There are many great rescue centres out there like Cold Blooded in Rainham which I'm not sure they are now but last year was not a registered charity. Registering a charity restricts a lot what you can do, like weekend I had to pay a man to let me take his Green Anoles I rescued because they were in the wrong setup, 2 males were housed together and the viv and climbing wood was all mouldy. If we was registered and not an unincorperated association I would of had to leave without them but not being registered gives us leverage.
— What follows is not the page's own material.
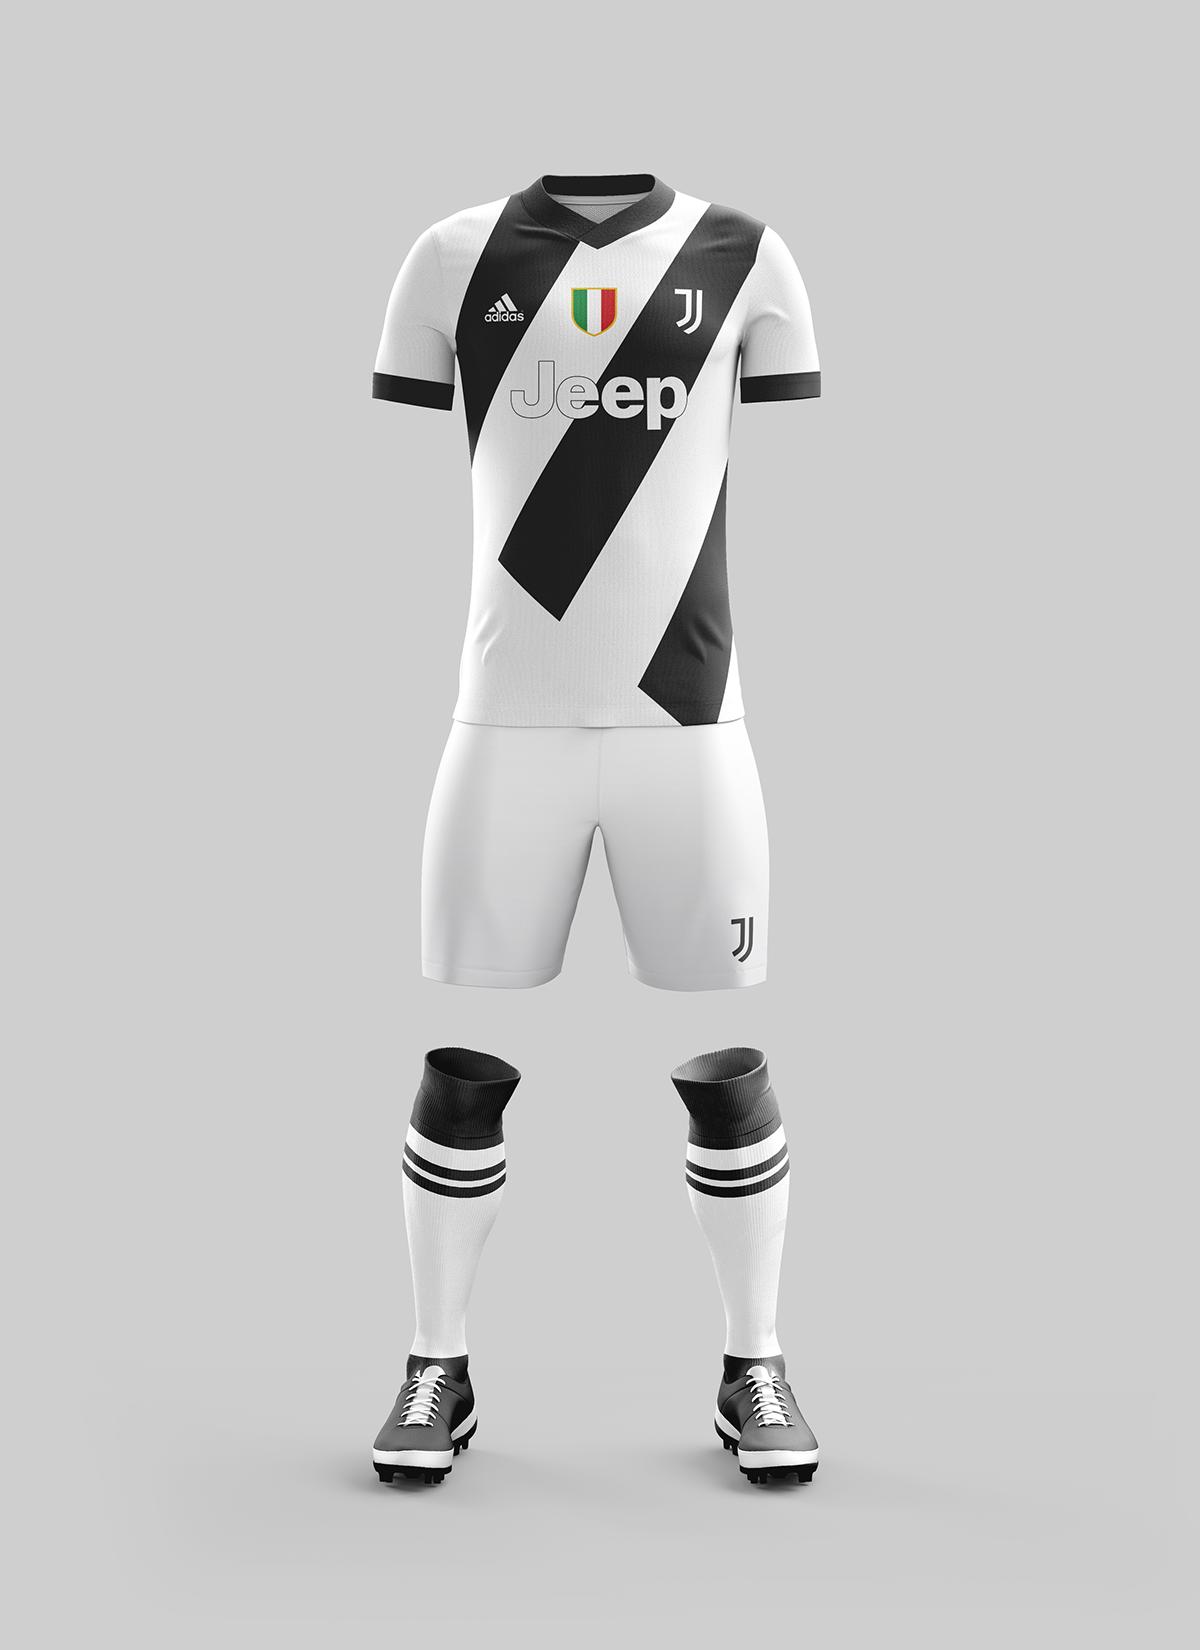 Juventus FC Home Kit Concept - 2017-2018 Season on Behance ... 07bf0e01b3d3d
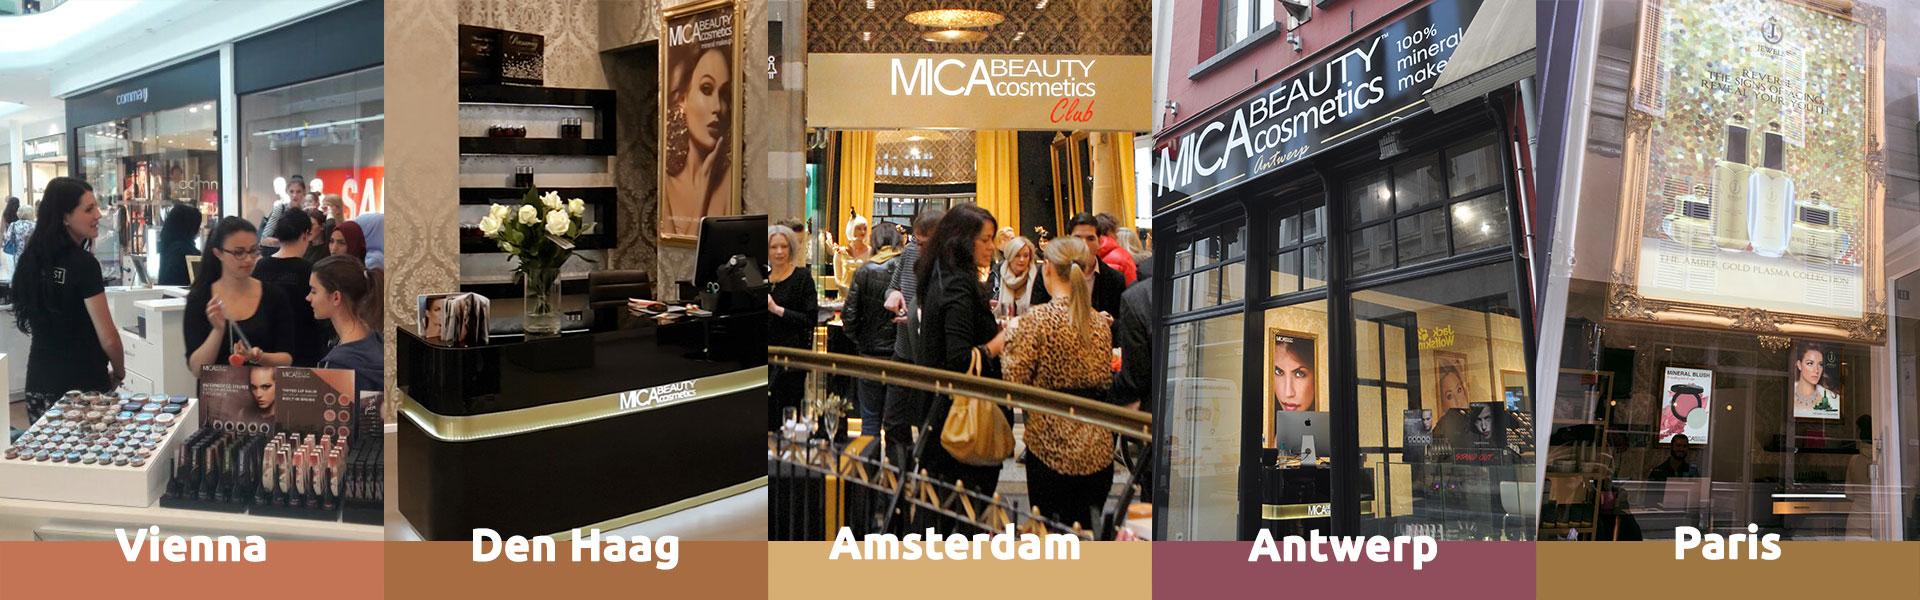 MICAbeauty Shops Across Europe

Yes unfortunately when we do become registered we won't be able to do this but that is why we are resourcing money into a educational/rescue centre.

Thanks


----------



## SAFER Reptile World (Nov 2, 2013)

*Website*

http://www.saferreptileworld.com/


----------



## bigd_1 (May 31, 2011)

SAFER Reptile World said:


> Unfortuantely bigd_1 you feel this way towards rescue centers. I will probably be told off by the trustee's for saying this but here goes anyway. There is no doubt in my mind that your one of these egotesticle breeders who brag at how well you look after your breeding stock (and I'm not desputing that) but when it comes down to the fine line, you don't bother to check out which homes your reptiles are going to or the setups because they pay cash at the door then they leave.
> 
> Fortunately for you there are brilliant organisations that have been setup to clean up some breeders greed and negligence and even better people that donate to the keep and care of these reptiles.
> 
> ...


hang on you know f:censor: all a of me and if i a breeders the 4 geckos i have breed have gone to people i know and i have done the setup for then and i still see the geckos when i go see my mates.
when it comes to rescue centers the rspca in my eyes have a bullyboy attitude if sum think is not done there way then it is done the wrong way what is not the case all the time. there a rescue centers by me where i go and help out when i have free time and walk and clen out the dogs and if i have sum spare cash there get sum 
you have been ask sum question that you have not answered and your webpage is not lodding up you you can not look for the answered but you like me to give you thing for free or give you cash cos you got a logo that as safer reptile in it that will take all of 10 mins to do


----------